CRA uses demonstration, modeling, guided practice followed by independent practice and immediate feedback which are aspects commonly found in direct instruction. CRA also includes discovery-learning strategies involving representation to help students’ transition between conceptual knowledge and procedural knowledge (Sealander, Johnson, Lockwood & Medina, 2012).
CRA is a sequential three level strategy promoting overall conceptual understanding, procedural accuracy and fluency by employing multisensory instructional techniques when introducing the new concepts. Each level builds on the concepts taught previously (Witzel, Riccomini & Schneider, 2008).
The three stages
During the concrete stage of instruction, three-dimensional objects are employed so students can use the manipulatives to assist while they are learning the new concept (Miller & Kaffar, 2011). The use of manipulatives increases the number of sensory inputs a student uses while learning the new concept, which improves the chances for a student to remember the procedural steps, needed to solve the problem (Witzel, 2005).
In the representational stage of instruction, students are taught to use two-dimensional drawings (instead of the manipulatives from the concrete stage) to represent the same concepts.
In the abstract stage, students are taught how to translate the two-dimensional drawings into the conventional mathematics notation to solve the problem (Miller & Kaffar, 2011).
The manipulations in the concrete and representational stages allow students to rationalize the conceptual mathematical procedures into logical steps and understandable definitions (Witzel, Riccomini, & Schneider, 2008).
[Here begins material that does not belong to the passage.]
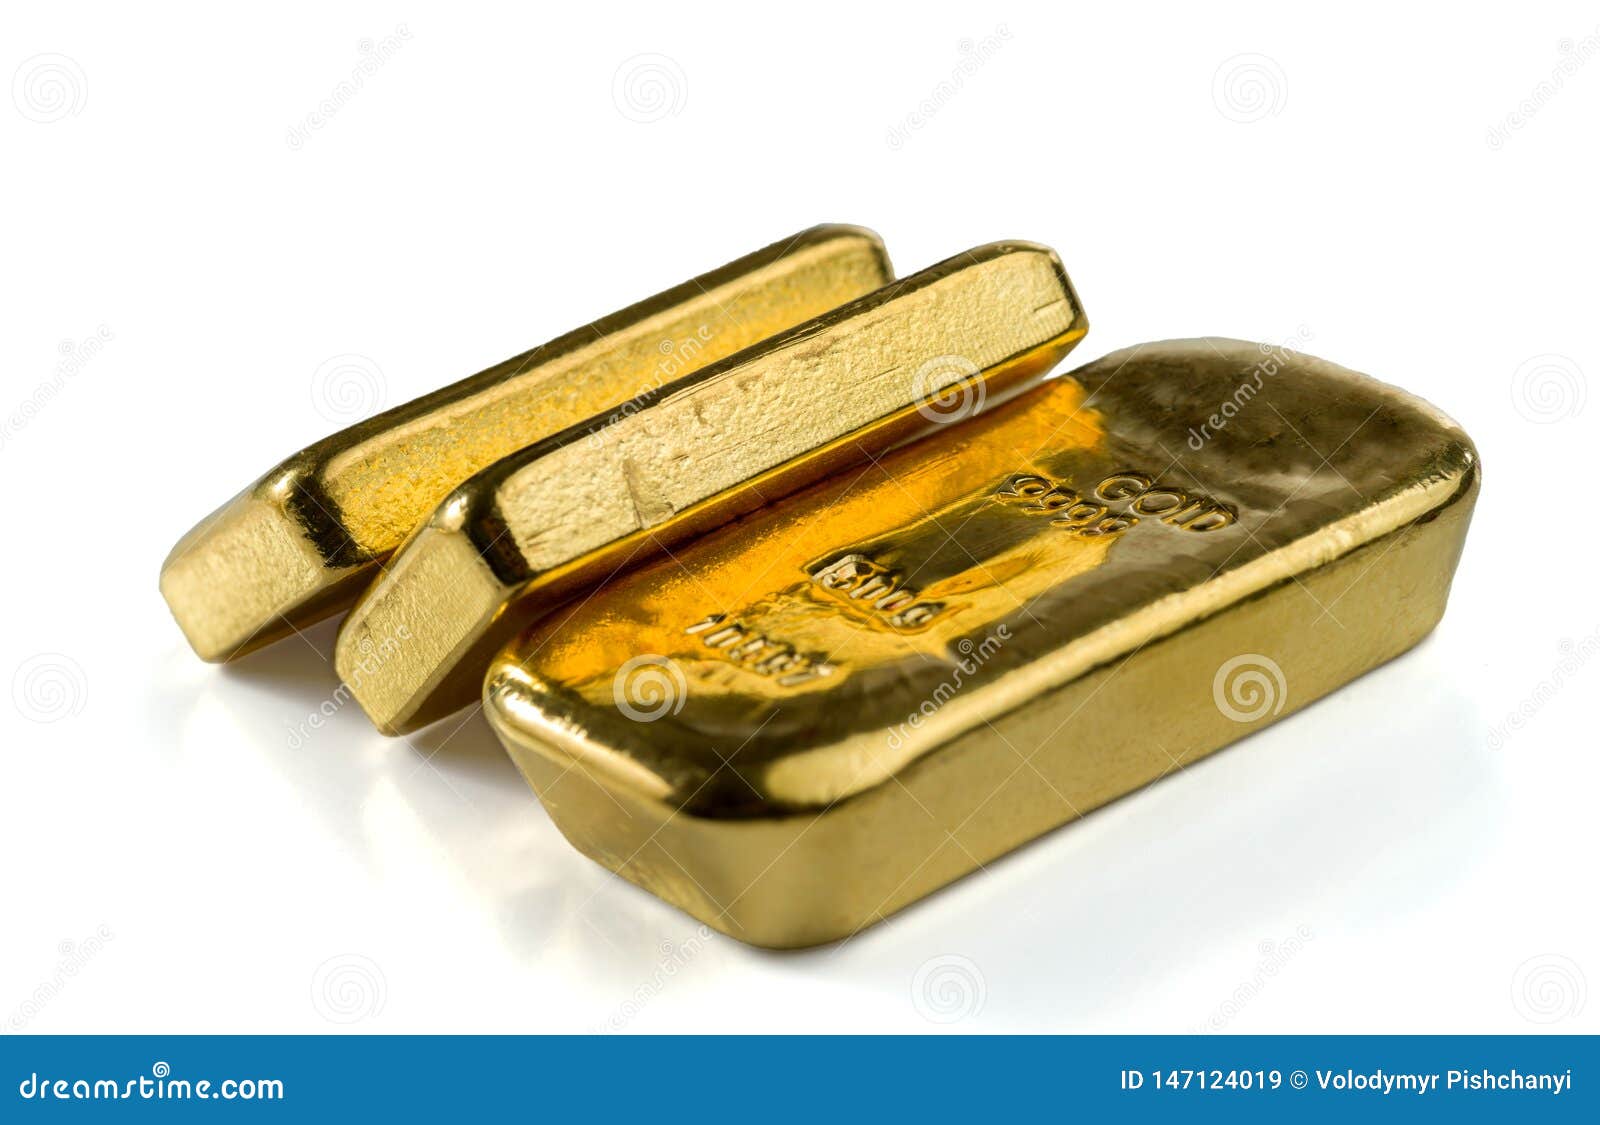 three cast gold bars, the typical form of bullion gold bullion.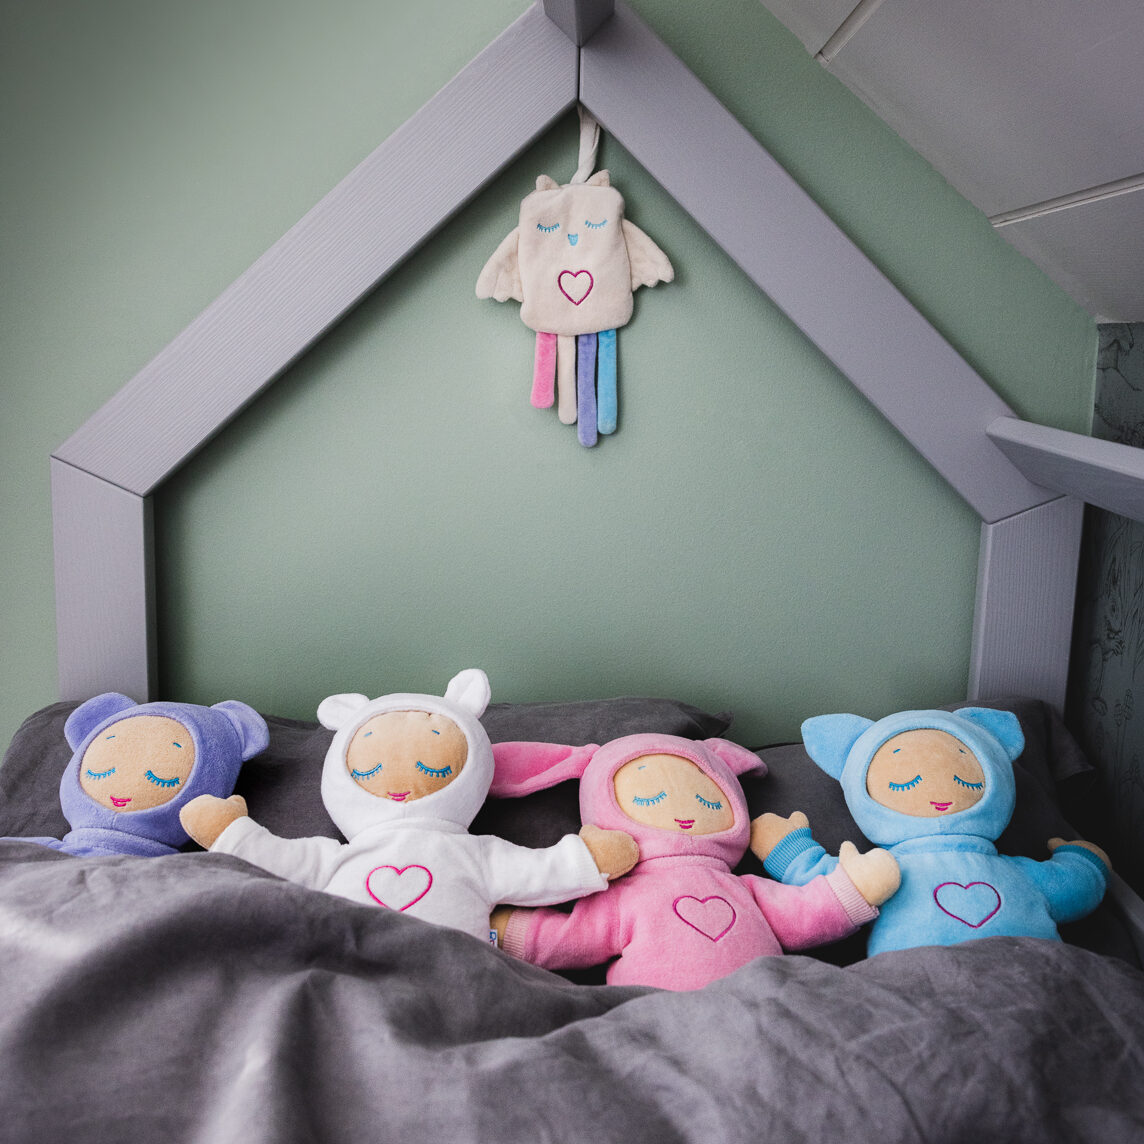 Lulla Doll Sleep Companion for Babies & Toddlers!

When students encounter a difficult mathematical problem, they are able to construct pictorial representations to assist in find the solution (Witzel, 2005).
It is important to remember CRA is an interconnected instructional sequence where each lesson relates to the previous lesson(s). These explicit connections between lessons and stages are crucial in order for students to learn the targeted skill as well as comprehend the associated concepts(Witzel, Riccomini & Schneider, 2008). Students with LDs generally need explicit guidance and support when learning to new concepts and skills across settings (Witzel, Riccomini & Schneider, 2008).
Sealander, Johnson, Lockwood and Medina (2012) suggest each stage should consist of three lessons. Miller, Mercer and Dillon (1992) note that each lesson should follow the same format. At the beginning of a lesson, students should be given a graphic organizer. The teacher should demonstrate the new skill and have the students model the process. Through guided practice students try some problems and receive feedback on the process. Finally students independently practice the new skill(s).
Creating a CRA Instructional Sequence
Witzel, Riccomini and Schneider (2008) developed an acronym teachers can use to assist them in creating their own CRA instructional sequence. CRAMATH outlines seven steps teachers can use to create a mathematical unit:
- Choose the math topic to be taught.
- Review procedures to solve the problem.
- Adjust the steps to eliminate notation or calculation tricks.
- Match the abstract steps with an appropriate concrete manipulative.
- Arrange concrete and representational lessons.
- Teach each concrete, representational and abstract lesson to student mastery.
- Help students generalize what they learn through word problems. (p. 273.).
LD@school has gathered ideas from a number of resources to help outline how the Concrete-Representational-Abstract approach can be used to investigate adding and subtracting integers. Educators can build these ideas into their own lesson plans to suit the needs of their students.
Summary of Evidence
Numerous studies have shown the CRA instructional strategy to be effective for students both with LDs and those who are low achieving across grade levels and within topic areas in mathematics such as:
- basic facts and place value (Bryant et al., 2008; Miller & Mercer, 1993),
- addition, subtraction, multiplication and division (Mancl, Miller, & Kennedy, 2008; Miller & Kaffar, 2011; Miller & Mercer, 1993; Sealander, Johnson, Lockwood & Medina, 2012),
- word problems (Hutchinson, 1993; Maccini & Hughes 2000),
- fractions (Butler, Miller, Chrehan, Babbitt & Pierce, 2003; Jordan Miller & Mercer, 1999; Misquitta, 2011), and
- algebra (Witzel, 2005; Witzel, Mercer & Miller, 2003).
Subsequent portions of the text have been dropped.